WORK REQUIRED →
Of all the lines below, output only those starting at the one with "HTSHC-100-L6-BLUE Silicone Hump" and ending at the one with "A close up of", both ends included, exactly as written.

RECORDS TO USE →
※ ※ ※

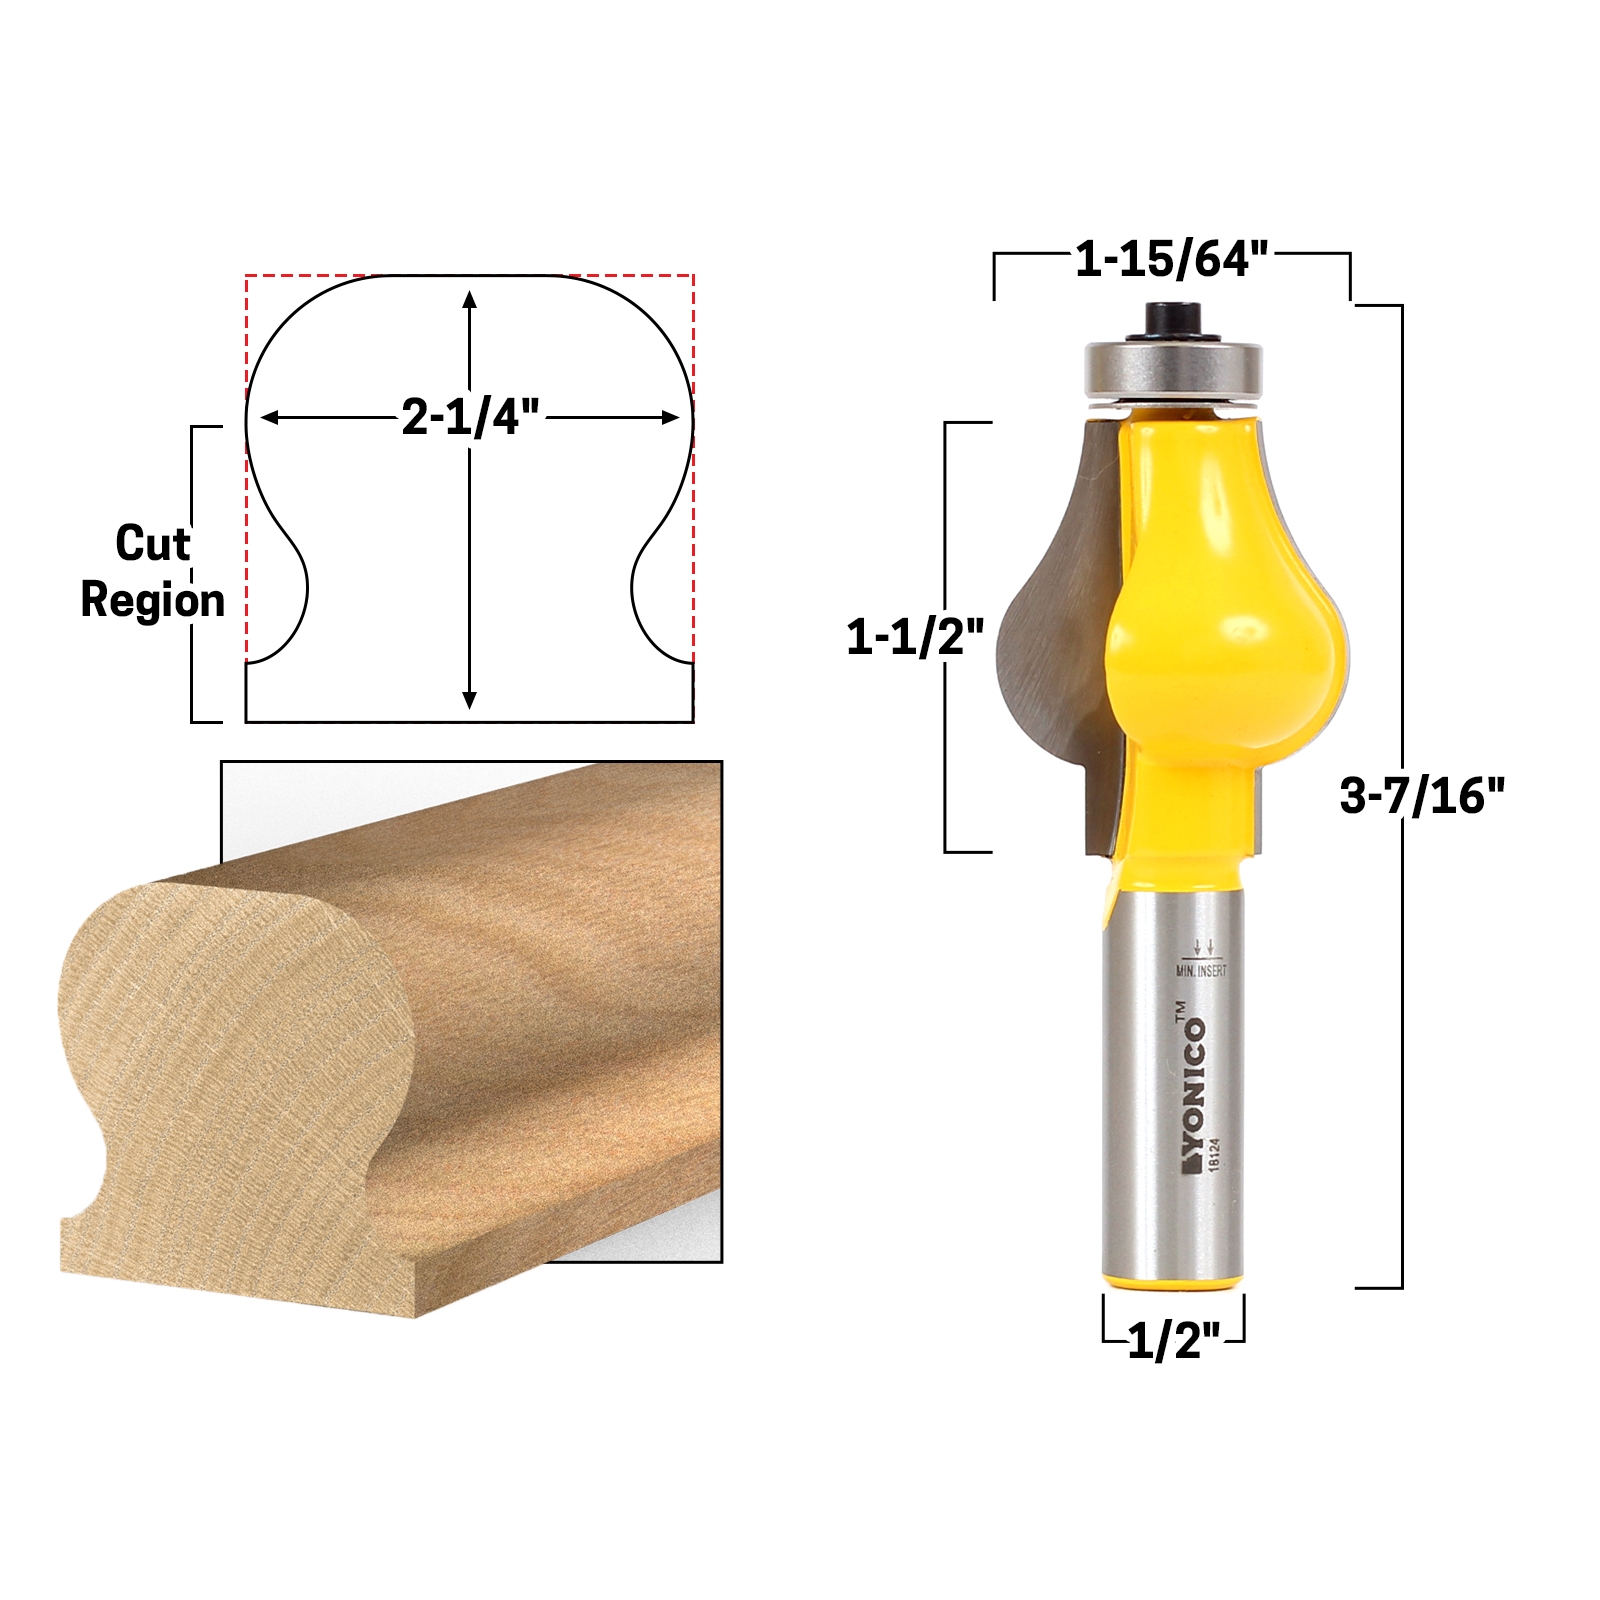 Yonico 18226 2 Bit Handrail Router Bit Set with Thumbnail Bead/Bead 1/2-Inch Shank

※ ※ ※

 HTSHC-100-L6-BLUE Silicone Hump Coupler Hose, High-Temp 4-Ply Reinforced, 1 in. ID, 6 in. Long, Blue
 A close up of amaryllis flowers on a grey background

※ ※ ※

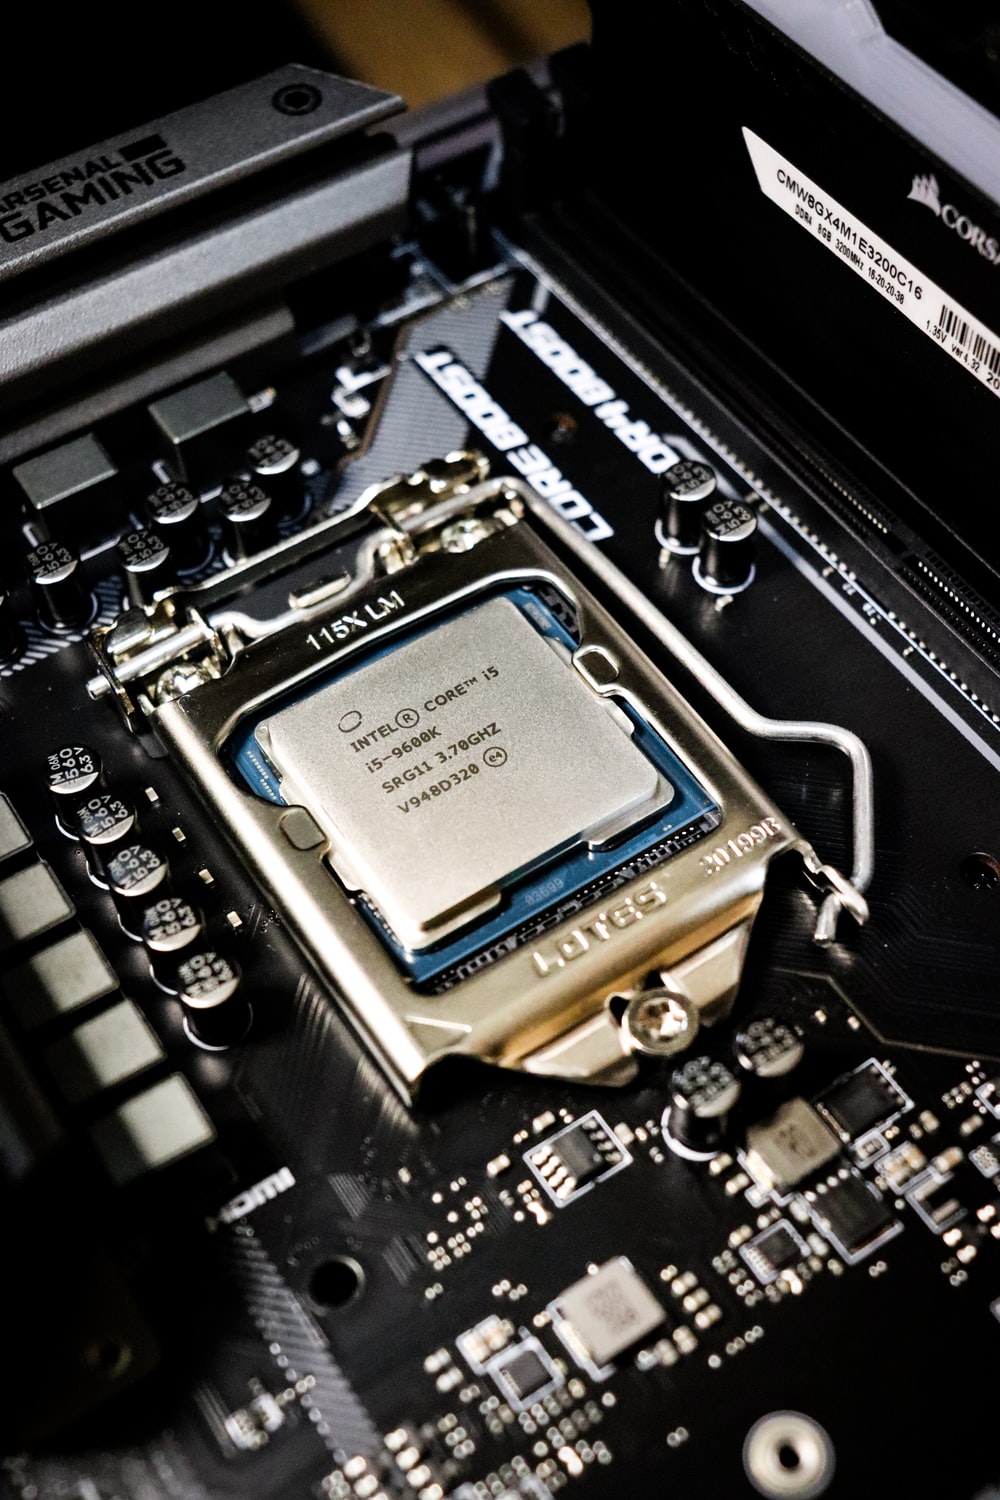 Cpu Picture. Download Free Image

※ ※ ※

SOLVED PROBLEM →
 HTSHC-100-L6-BLUE Silicone Hump Coupler Hose, High-Temp 4-Ply Reinforced, 1 in. ID, 6 in. Long, Blue
 A close up of amaryllis flowers on a grey background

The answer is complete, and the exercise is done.